Que Azorín fue un lector voraz de todo tipo de
volúmenes era algo que sabíamos de sobra los aficionados a la literatura. Pero
el trabajo que ha abordado Francisco Fuster en la editorial Fórcola es,
simplemente, impagable: ha rastreado «en los cerca de cinco mil quinientos
artículos de prensa que publicó en distintos periódicos de España y Argentina
durante sus más de sesenta años de profesión» (p.18) aquellos que el escritor
de Monóvar dedicó al mundo de los libros, hasta conformar este volumen, que no
duda en definir como «autorretrato de un bibliófilo».

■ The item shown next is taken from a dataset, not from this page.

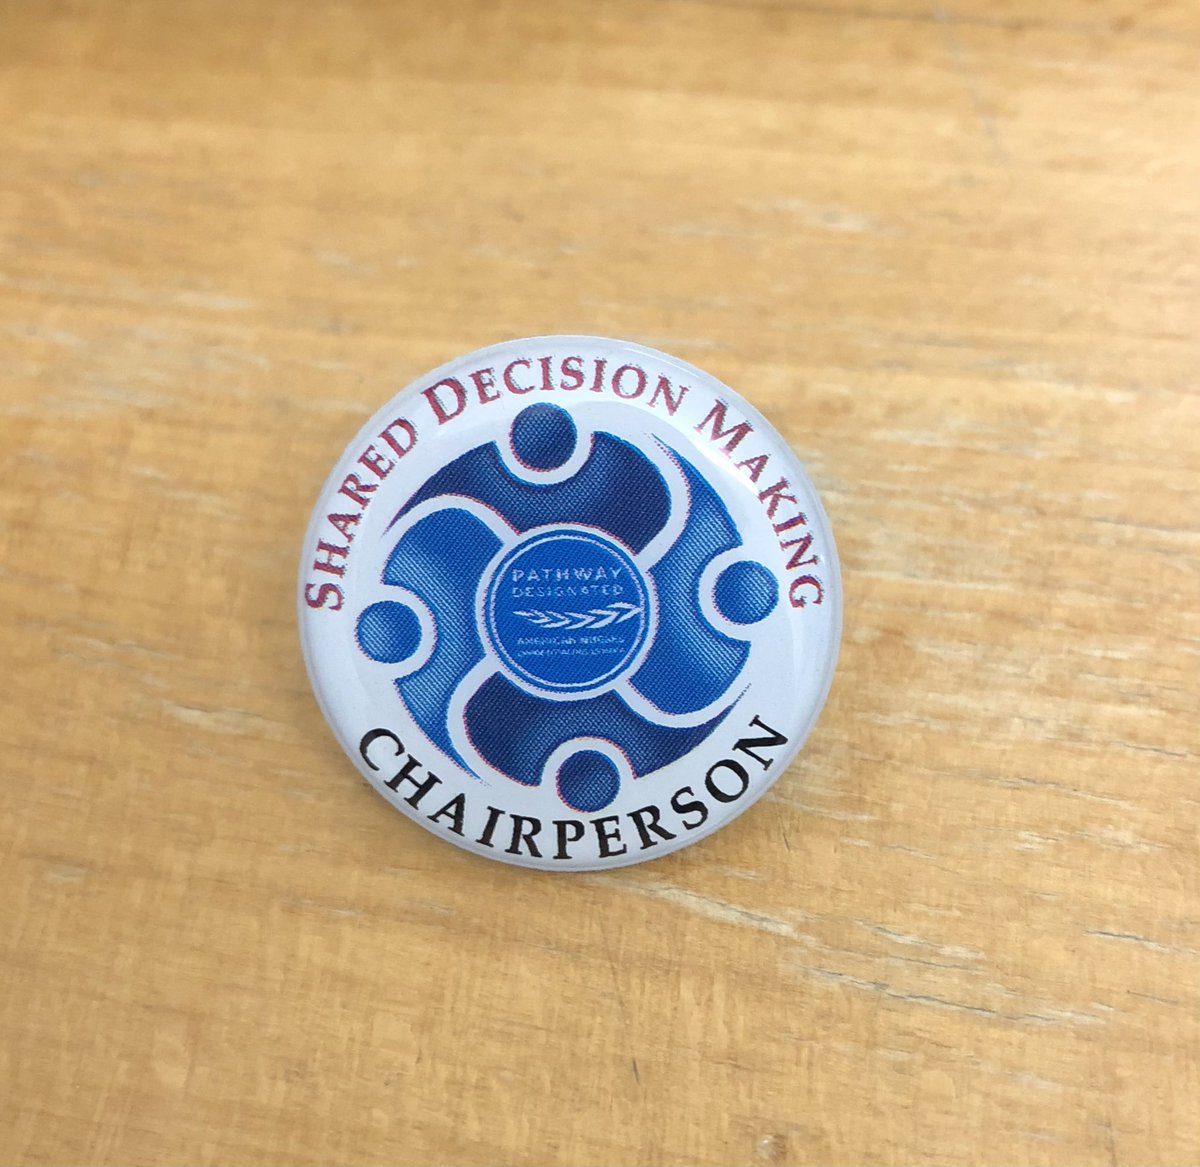 Our first shared decision making council chairperson badges have been given out today! #PathwaytoExcellence

Azorín reivindica en estas páginas dispersas el
placer de la lectura («Por gusto han de ser leídas las obras literarias», p.28);
señala que el capricho de los eruditos de poner infinitas notas a pie de página
con miles de fruslerías filológicas se le antoja «deleznable, frívolo y
pedantesco» (p.30); opina sobre las peculiaridades de la cultura española, en
comparación con la del resto del continente europeo («Las naciones son grandes
—como los individuos— por el espíritu. Grecia, Francia, Italia, Alemania han
influido en el mundo por la inteligencia. Cuando toda Europa se renovaba, ¿qué
hacía España?», p.32); deplora la falta de instinto comercial y de sano afán
propagandístico de la mayor parte de los editores españoles de su tiempo,
reacios a las técnicas que permitan difundir y vender mejor los libros; opina
sobre la condición enriquecedora de las obras que leemos («Las lecturas que se
hacen para saber no son, en realidad, lecturas. Las buenas, las fecundas, las
placenteras son las que se hacen sin pensar que vamos a instruirnos», p.85); se
sumerge en largas consideraciones sobre la importancia que tienen las lecturas
durante la infancia y la adolescencia, indicando que jamás debe vedarse a los
niños ninguna obra, que los libros especialmente compuestos para ellos se le
antojan una tontería y que la principal virtud que han de atesorar esos
primeros volúmenes es abrir para los chavales la puerta de la fantasía («La
imaginación es la prenda más exquisita con que cuentan los humanos», p.214) ; y
hasta se permite la inclusión en estas páginas de algunas pinceladas teñidas
por la misantropía («Las visitas roen nuestro tiempo; por poco que se lleven,
siempre se llevan cuatro o seis páginas posibles», p.88).
La obra, como no podía ser de otro modo siendo
Azorín su autor, está compuesta en un estilo ágil, de frases cortas y directas,
donde el maestro de la generación del 98 no deja de enseñarnos palabras
olvidadas o marginales, que él refresca para nosotros. Por ejemplo, ¿han
pensado alguna vez cómo se llama esa telita que separa los granos en el
interior de una granada? ¿Y saben cuál es el nombre exacto de la telita que
separa el huevo de su cáscara (visible cuando el huevo está cocido y le
retiramos el envoltorio)? Pues ambos vocablos los tienen en la página 177, tan
sonoros como marginales.
Azorín puede encandilar o irritar (algunos críticos
opinan que es uno de los estilistas mayores de la prosa castellana del siglo
XX; y otros, como Paco Umbral, abominan de él), pero jamás deja indiferente.
Súmenle a esa condición única las magníficas fotografías en blanco y negro que
completan el volumen y convendrán conmigo en que el delicioso sello Fórcola nos
acaba de regalar una obra hermosa y admirable.